- [About this exercise]: Exact transcription of the data below is required, without the images.

- [Collected material]:
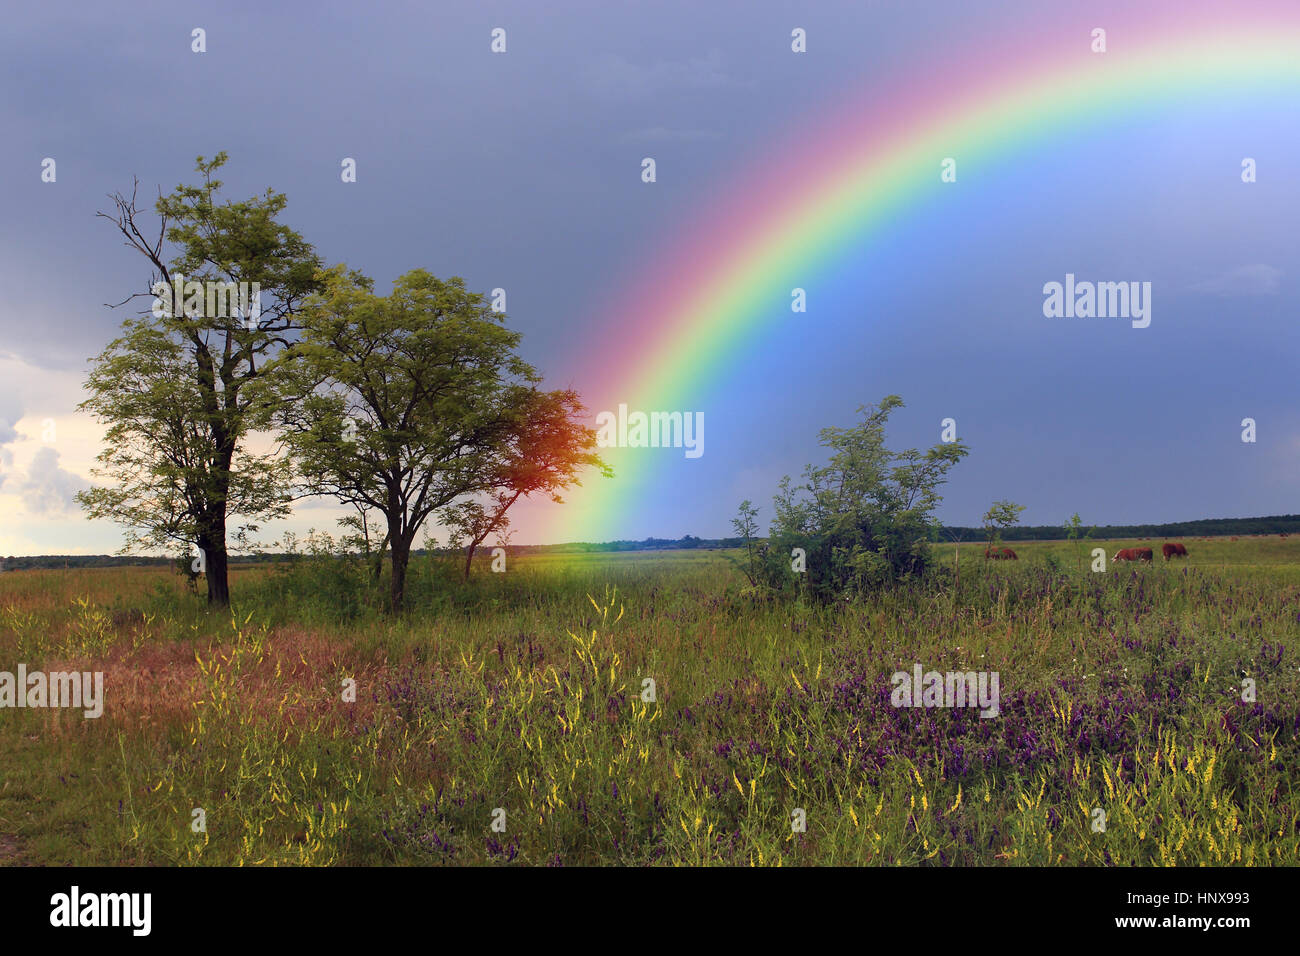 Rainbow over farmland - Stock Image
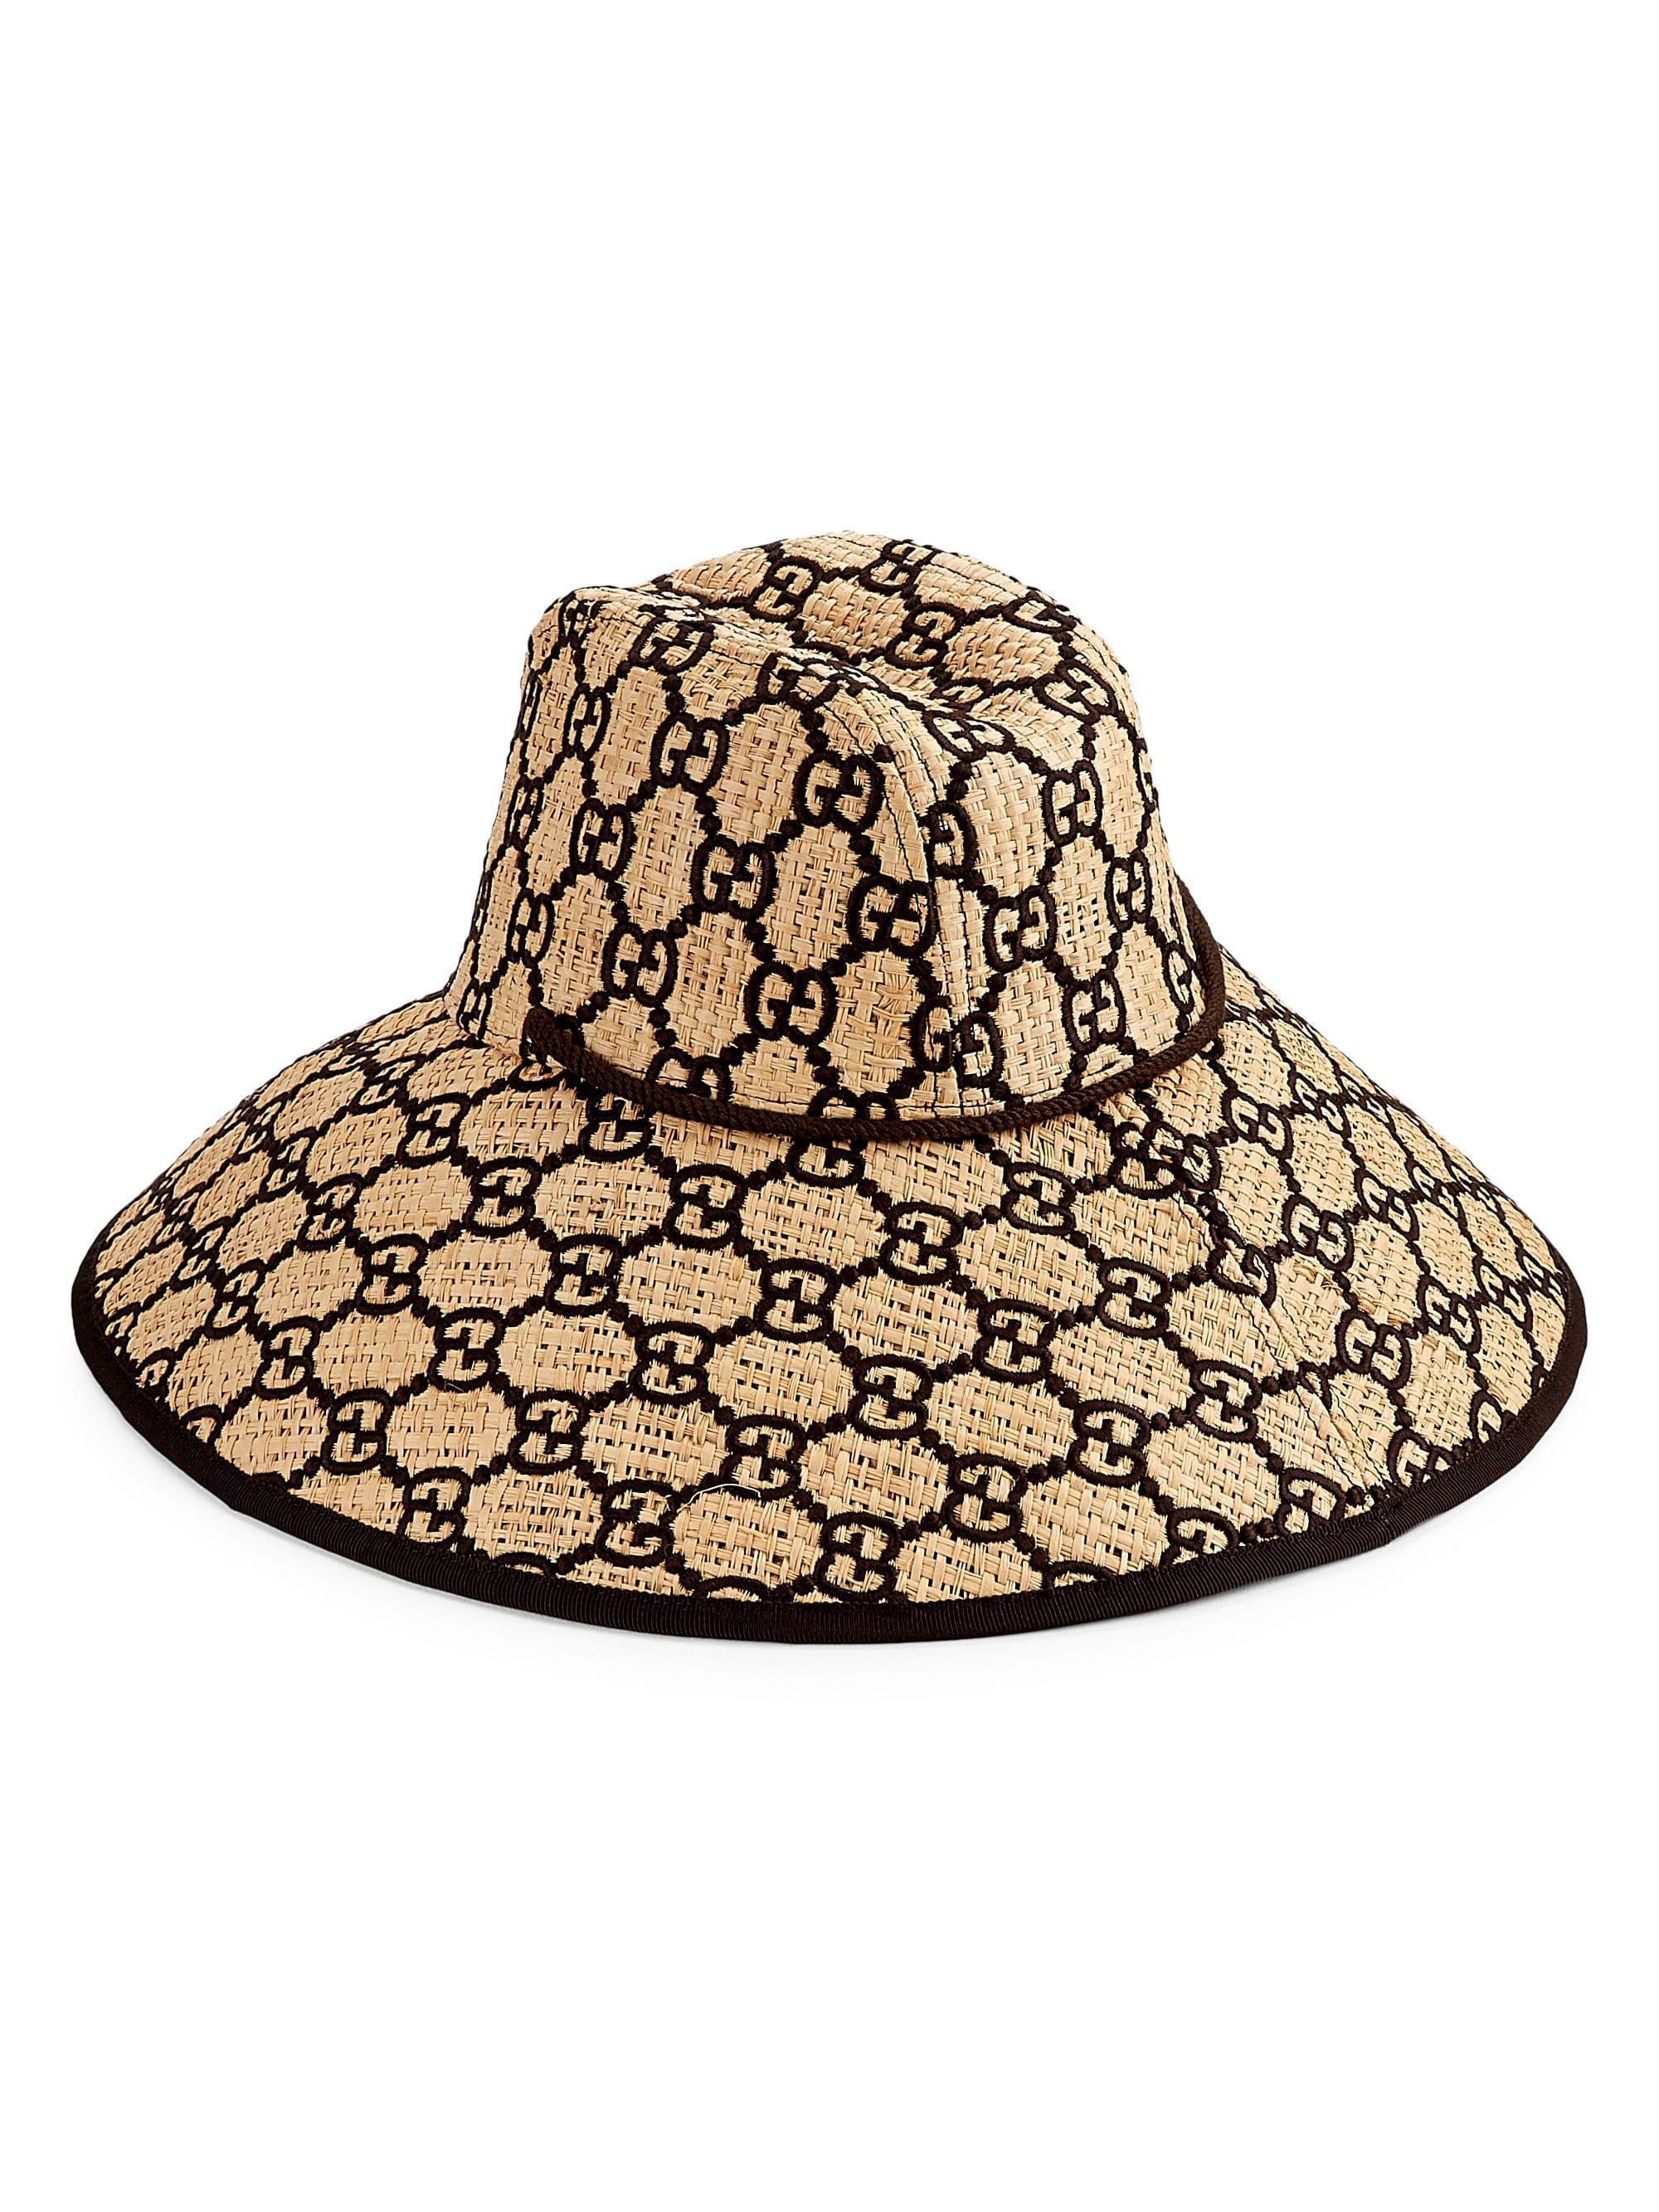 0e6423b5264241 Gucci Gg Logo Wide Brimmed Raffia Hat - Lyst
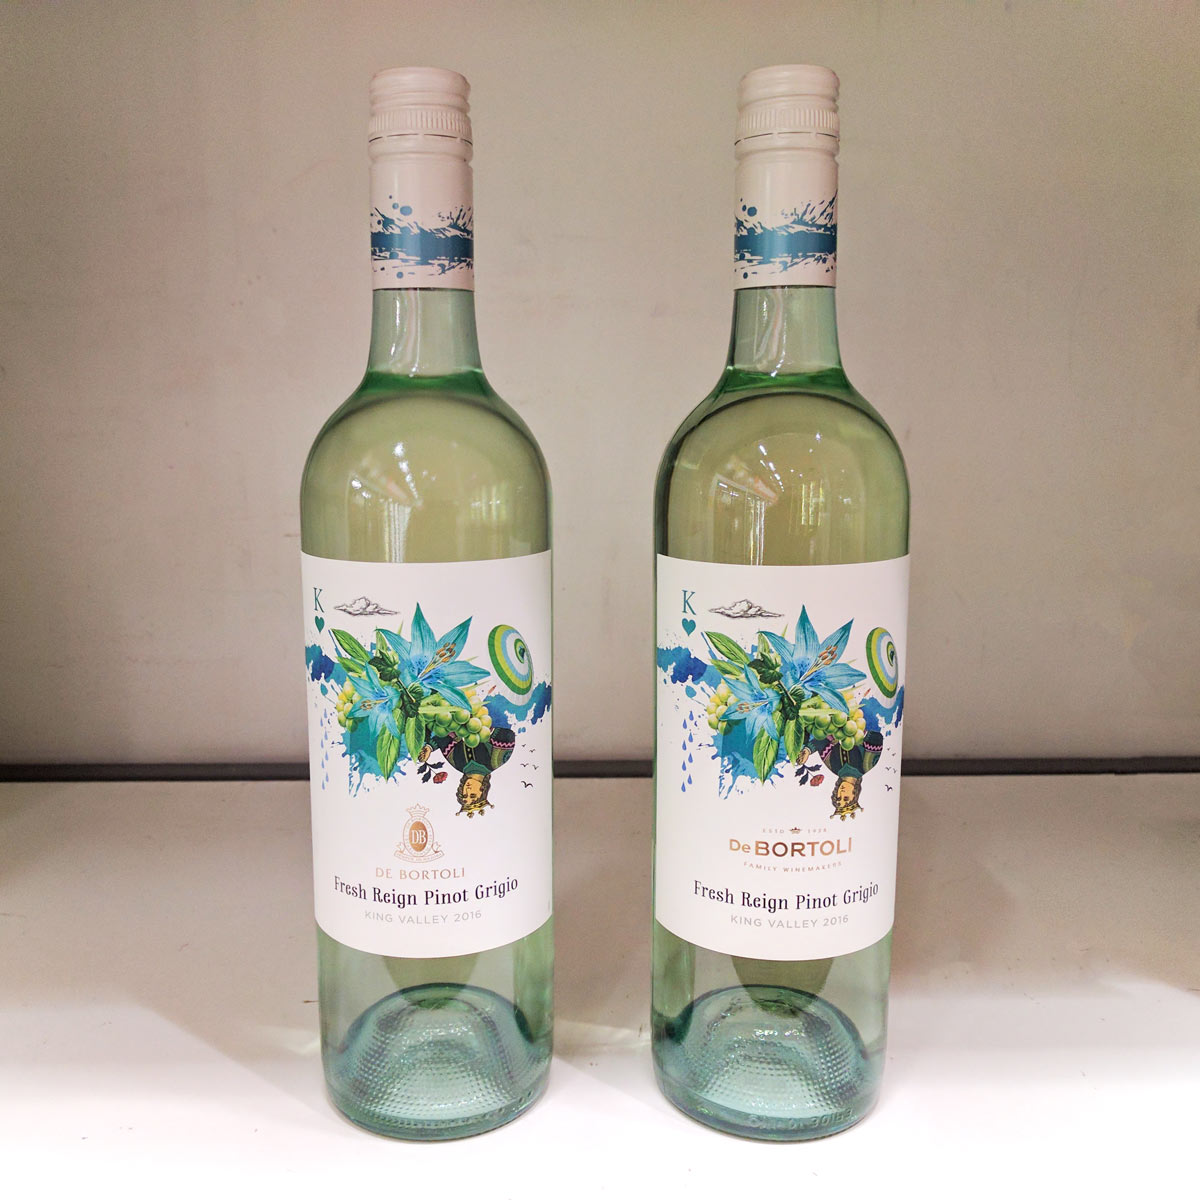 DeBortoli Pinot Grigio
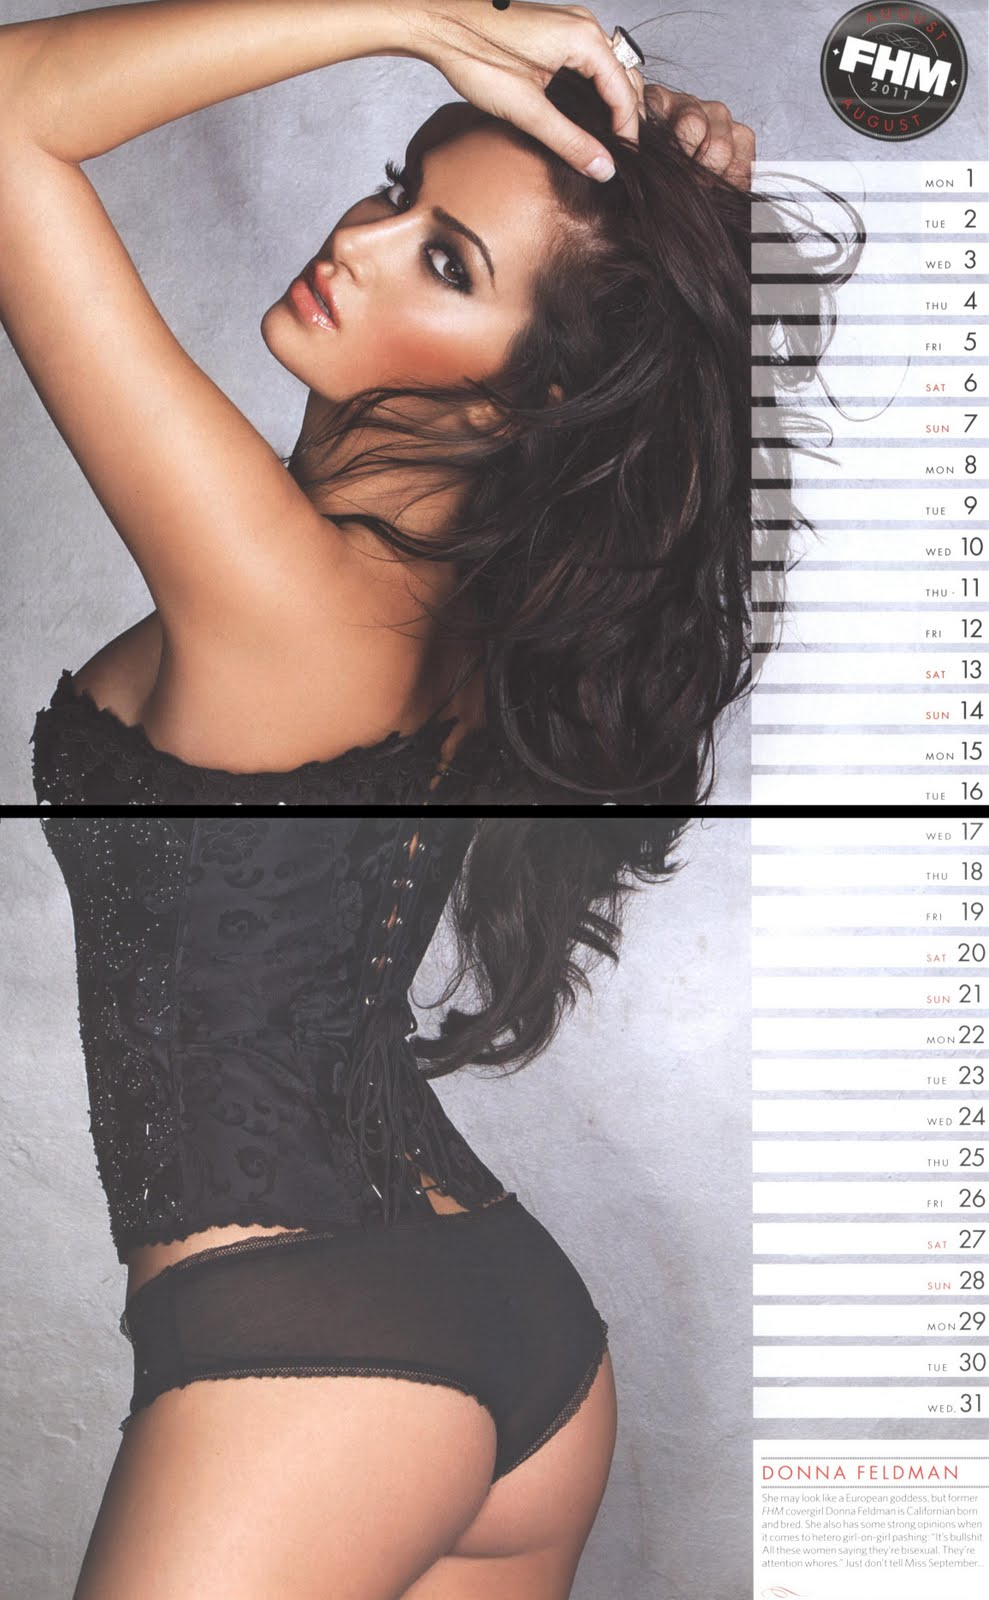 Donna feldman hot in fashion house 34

- [Solution for this task]:
 Rainbow over farmland - Stock Image
 0e6423b5264241 Gucci Gg Logo Wide Brimmed Raffia Hat - Lyst
 DeBortoli Pinot Grigio
 Donna feldman hot in fashion house 34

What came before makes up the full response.